Fields · FEMBase.jl

using FEMBase, Test

From the beginning of a project we had a clear concept in our mind: "everything is a field". That is, everything can vary temporally and spatially. We think that constant is just a special case of field which does not vary in temporal nor spatial direction. Fields can vary in spatial direction, i.e. can be either constant or variable, and in temporal direction, i.e. can be time variant or time invariant. From this pondering we can think that there exists four kind of (discrete) fields:

discrete, constant, time invariant (DCTI)
discrete, variable, time invariant (DVTI)
discrete, constant, time variant (DCTV)
discrete, variable, time variant (DVTV)

Discrete, in this context, means that field is defined in point-wise in $1 \ldots n$ locations, from where it is then interpolated to whole domain using some interpolation polynomials, i.e.

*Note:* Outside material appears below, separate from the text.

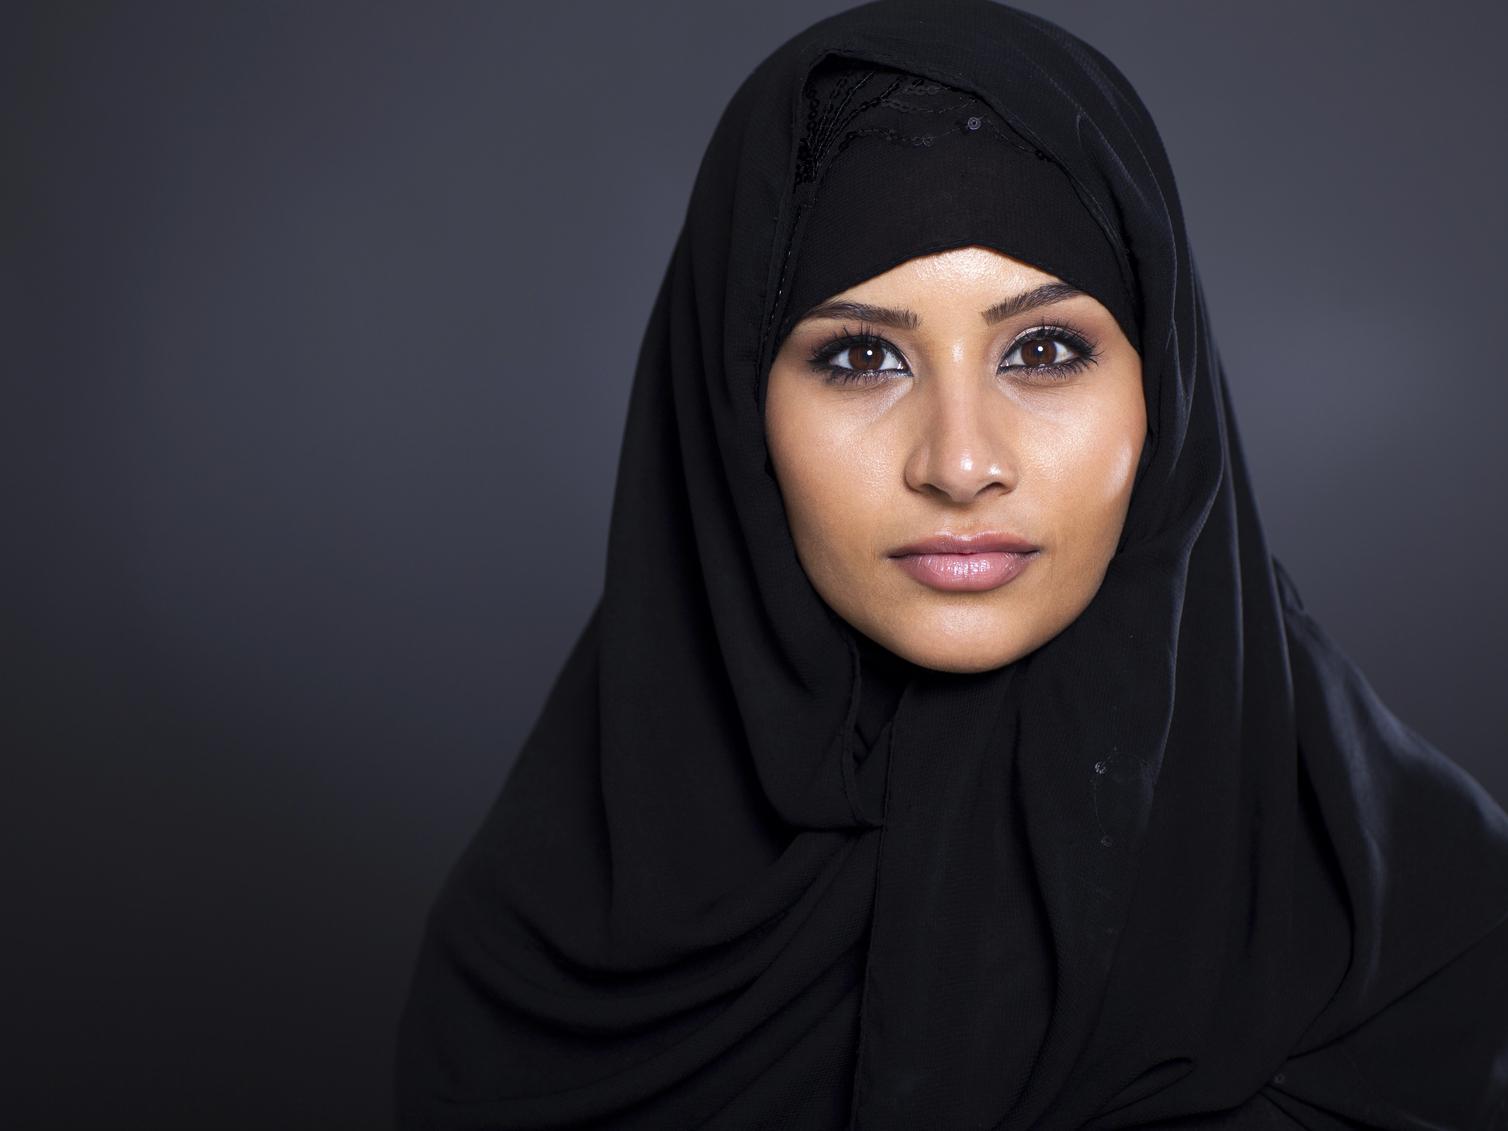 La libert delle donne mussulmane le barriere dello - Perche le donne musulmane portano il velo ...

\[u(\xi, t) = \sum_{i} u_i[t] N_{i}(\xi,t),\]

math where $N_{i}(\xi, t)$ is the basis function or interpolation polymial corresponding to $i$^{th} discrete value and $u_{i}$ is the discrete value.

Then we have continuous fields, which are defined in whole domain, or at least not point-wise. By following the already used abbreviations, we have four more fields:

continuous, constant, time invariant (CCTI)
continuous, variable, time invariant (CVTI)
continuous, constant, time variant (DCTV)
continuous, variable, time variant (CVTV)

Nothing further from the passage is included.